#### [Data below]
::::
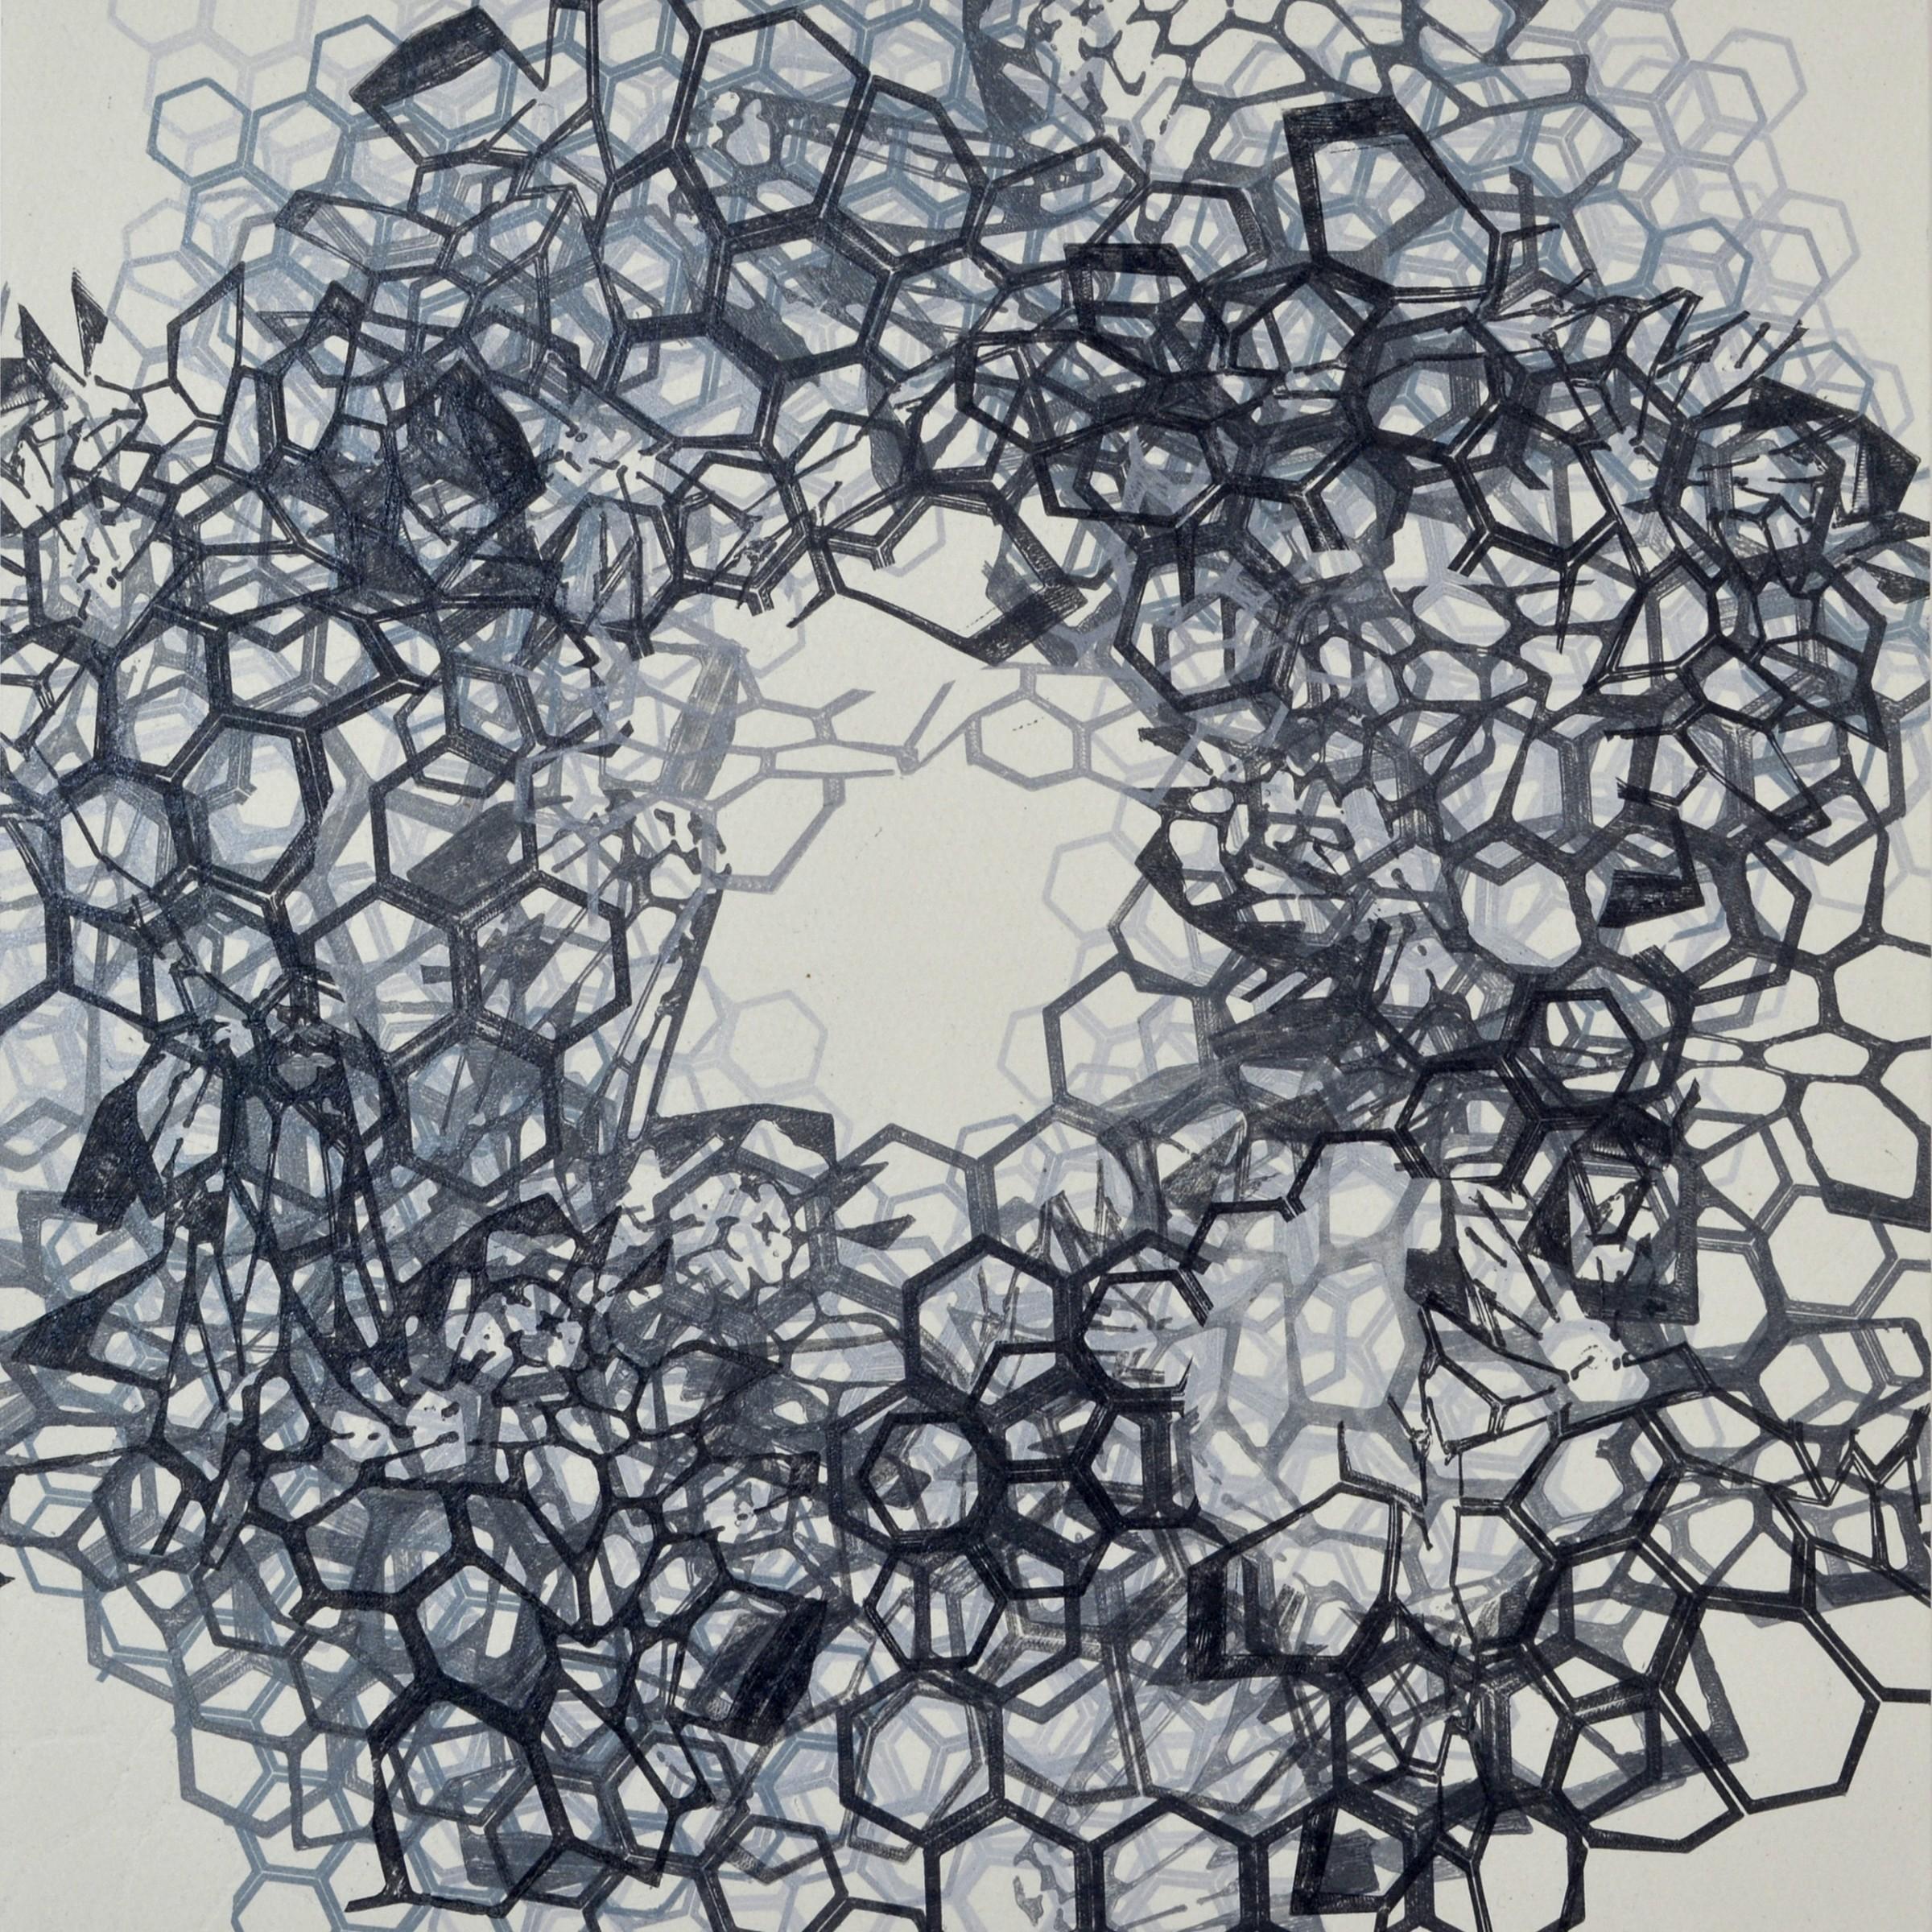 "<span class=""link fancybox-details-link""><a href=""/exhibitions/17/works/image_standalone643/"">View Detail Page</a></span><p><strong>Doug Burton</strong></p><p>Morphology</p><p>relief monoprint</p><p>46 x 46cm</p><p>£850 framed</p>"
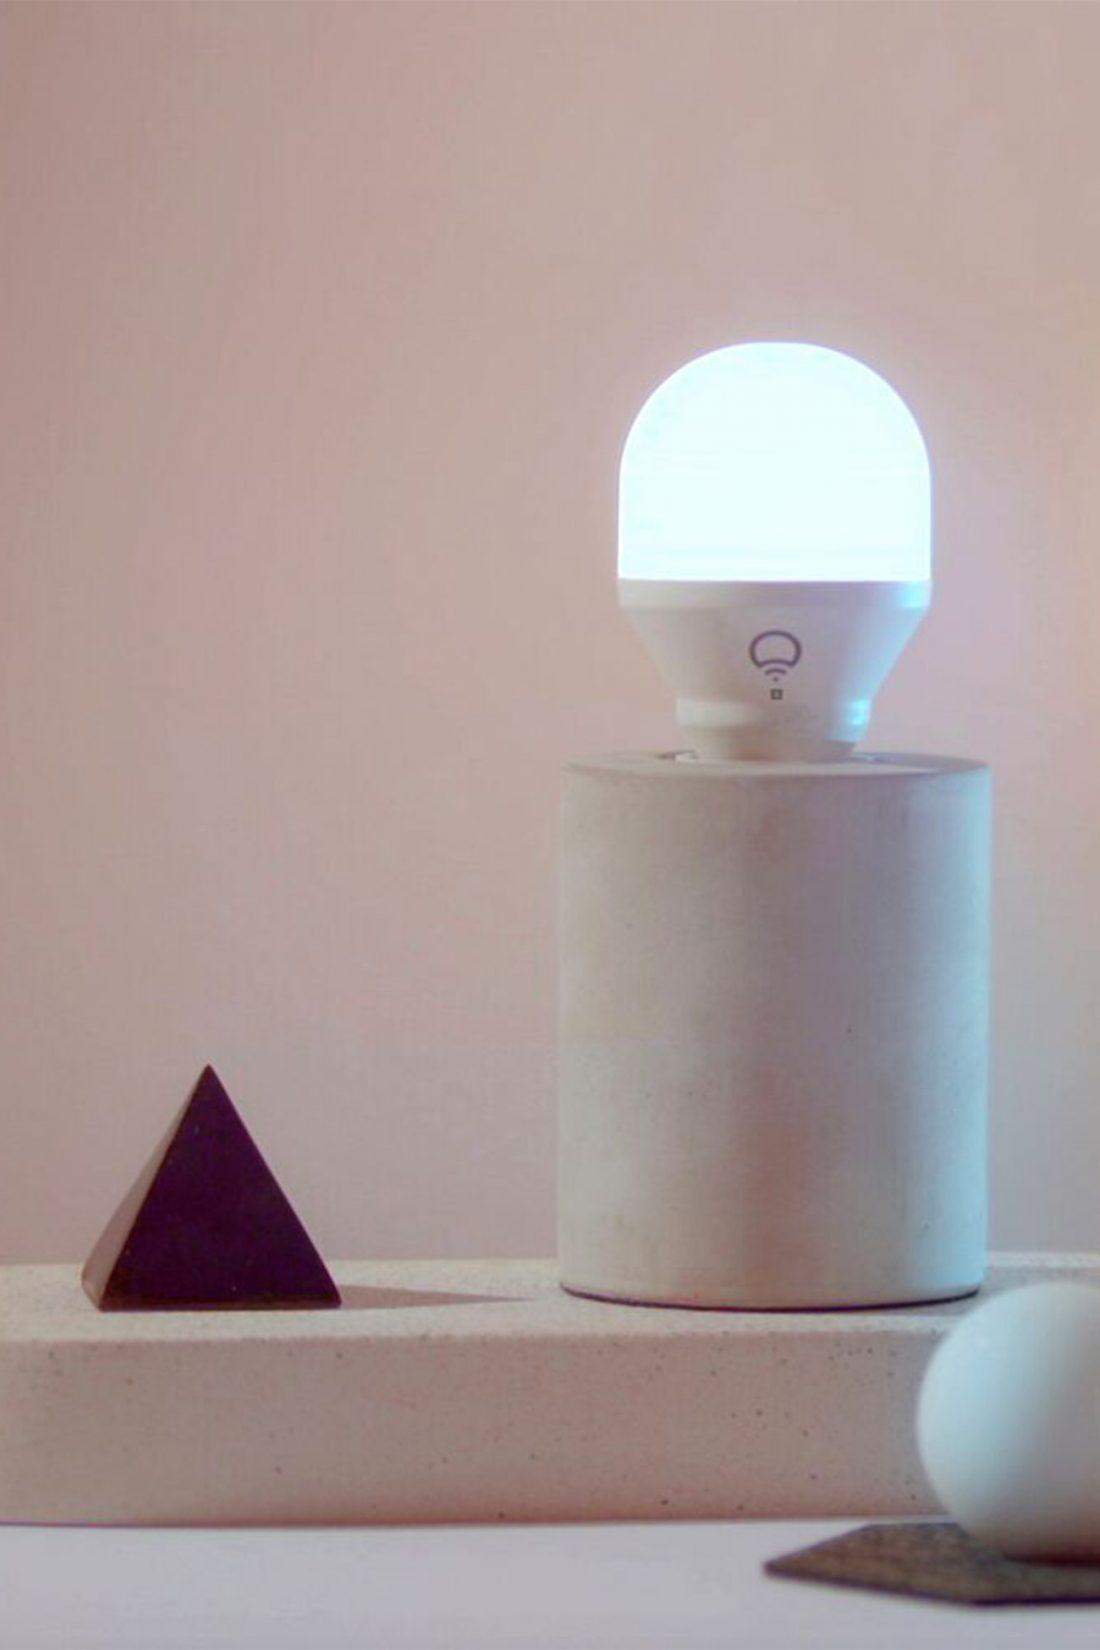 Lifx Mini Day to Dusk: Smart Lighting
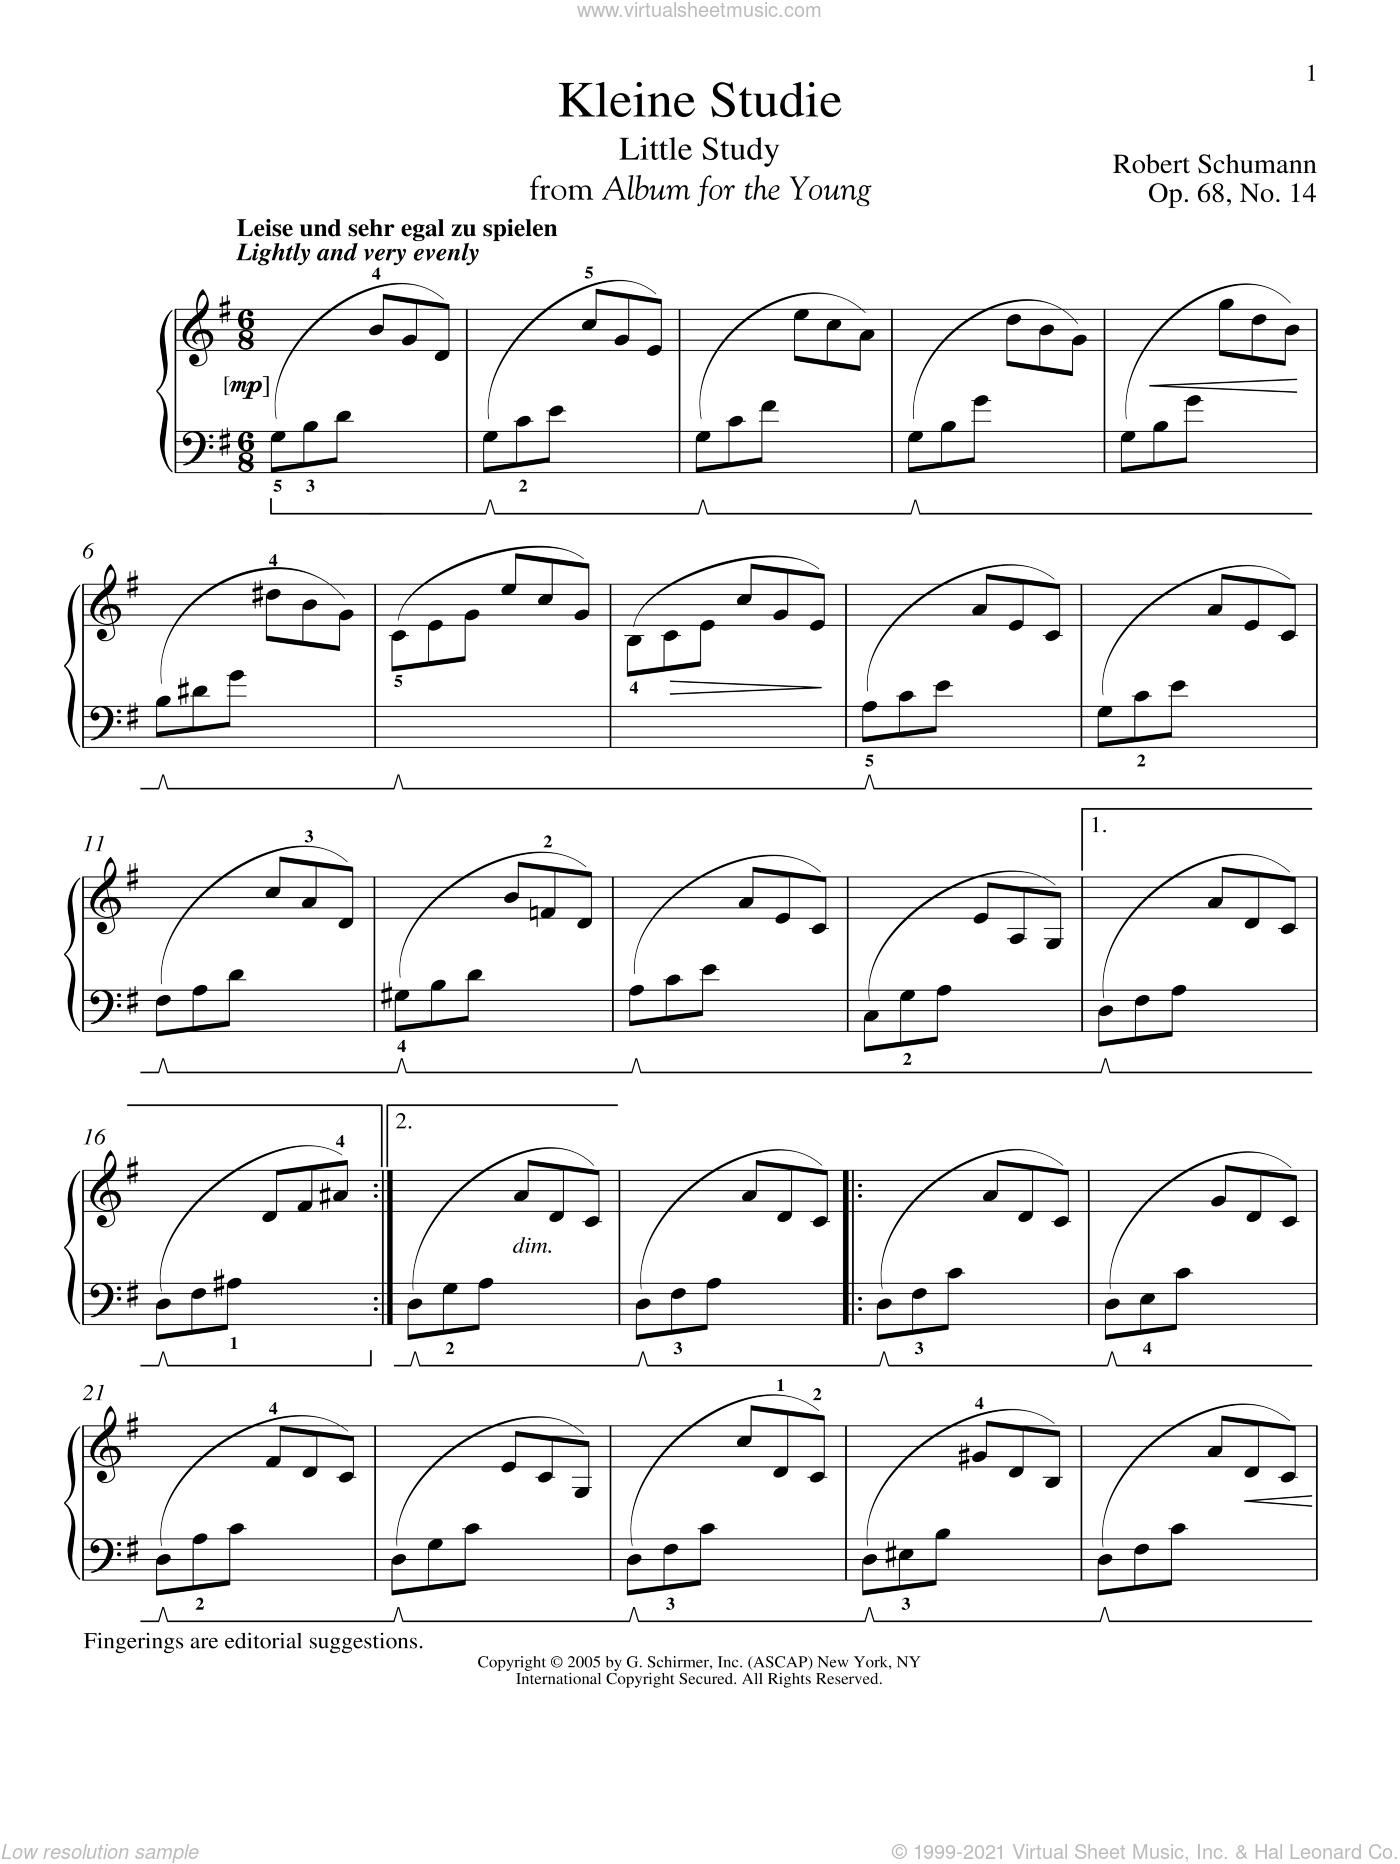 Little Study, Op. 68, No. 14 (Kleine Studie) sheet music for piano solo by Robert Schumann, classical score, intermediate skill level
::::
#### [To do]
The answer should consist only of the lines from the line with "Lifx Mini Day to Dusk: Smart Lighting" through the last line of the data, repeated exactly; pictures stay out.

#### [Result of the task]
 Lifx Mini Day to Dusk: Smart Lighting
 Little Study, Op. 68, No. 14 (Kleine Studie) sheet music for piano solo by Robert Schumann, classical score, intermediate skill level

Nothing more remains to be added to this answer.